Among the entries below, one line contains "Светильник Paro LED" and another contains "Thick Uncut Cock". Transcribe those two lines and every line between them, exactly.

PROVIDED DATA →
>>>
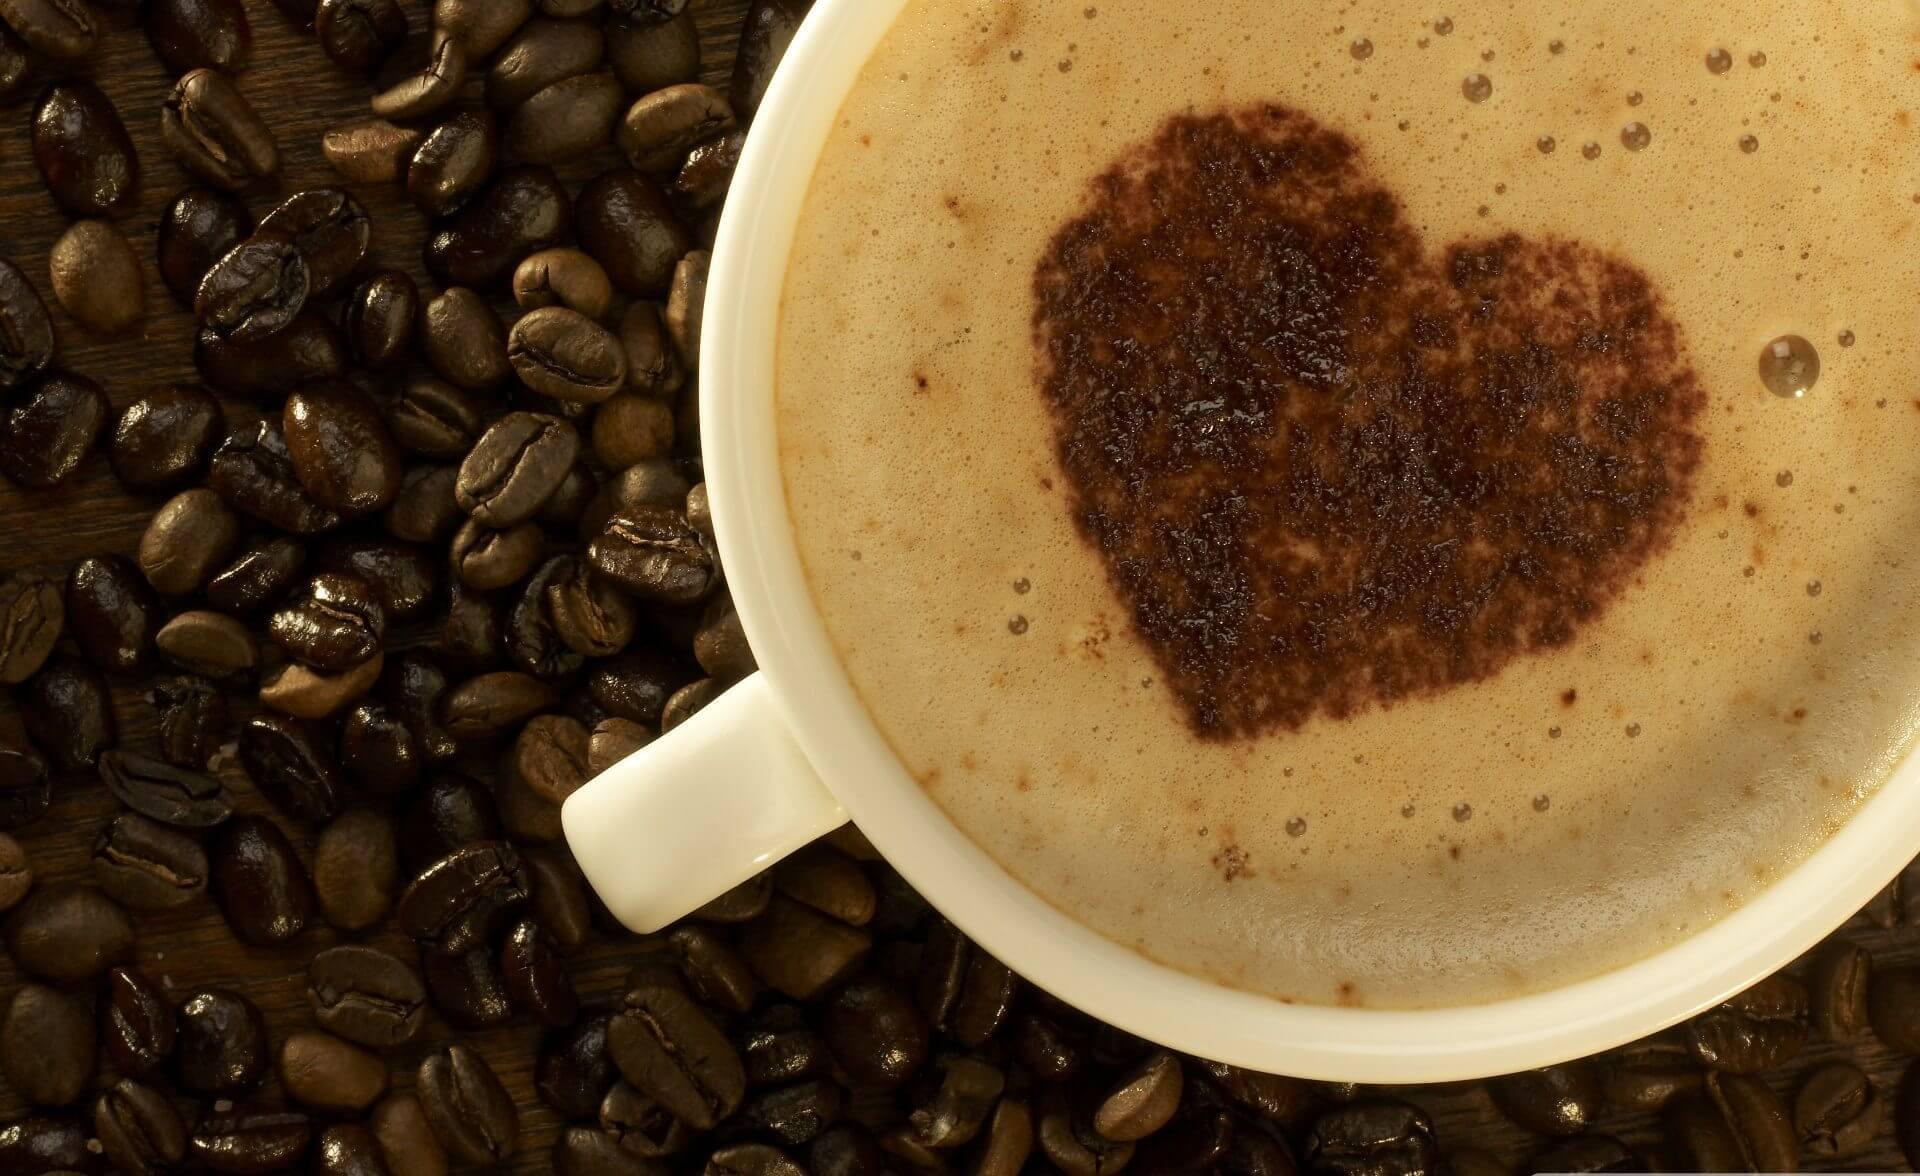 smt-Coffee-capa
<<<
>>>
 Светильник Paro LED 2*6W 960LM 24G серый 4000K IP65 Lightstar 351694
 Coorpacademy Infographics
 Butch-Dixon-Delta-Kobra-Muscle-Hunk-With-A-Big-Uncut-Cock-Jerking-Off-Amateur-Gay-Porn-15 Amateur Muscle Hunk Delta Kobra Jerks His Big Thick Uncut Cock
<<<
RESPONSE BOX →
 Светильник Paro LED 2*6W 960LM 24G серый 4000K IP65 Lightstar 351694
 Coorpacademy Infographics
 Butch-Dixon-Delta-Kobra-Muscle-Hunk-With-A-Big-Uncut-Cock-Jerking-Off-Amateur-Gay-Porn-15 Amateur Muscle Hunk Delta Kobra Jerks His Big Thick Uncut Cock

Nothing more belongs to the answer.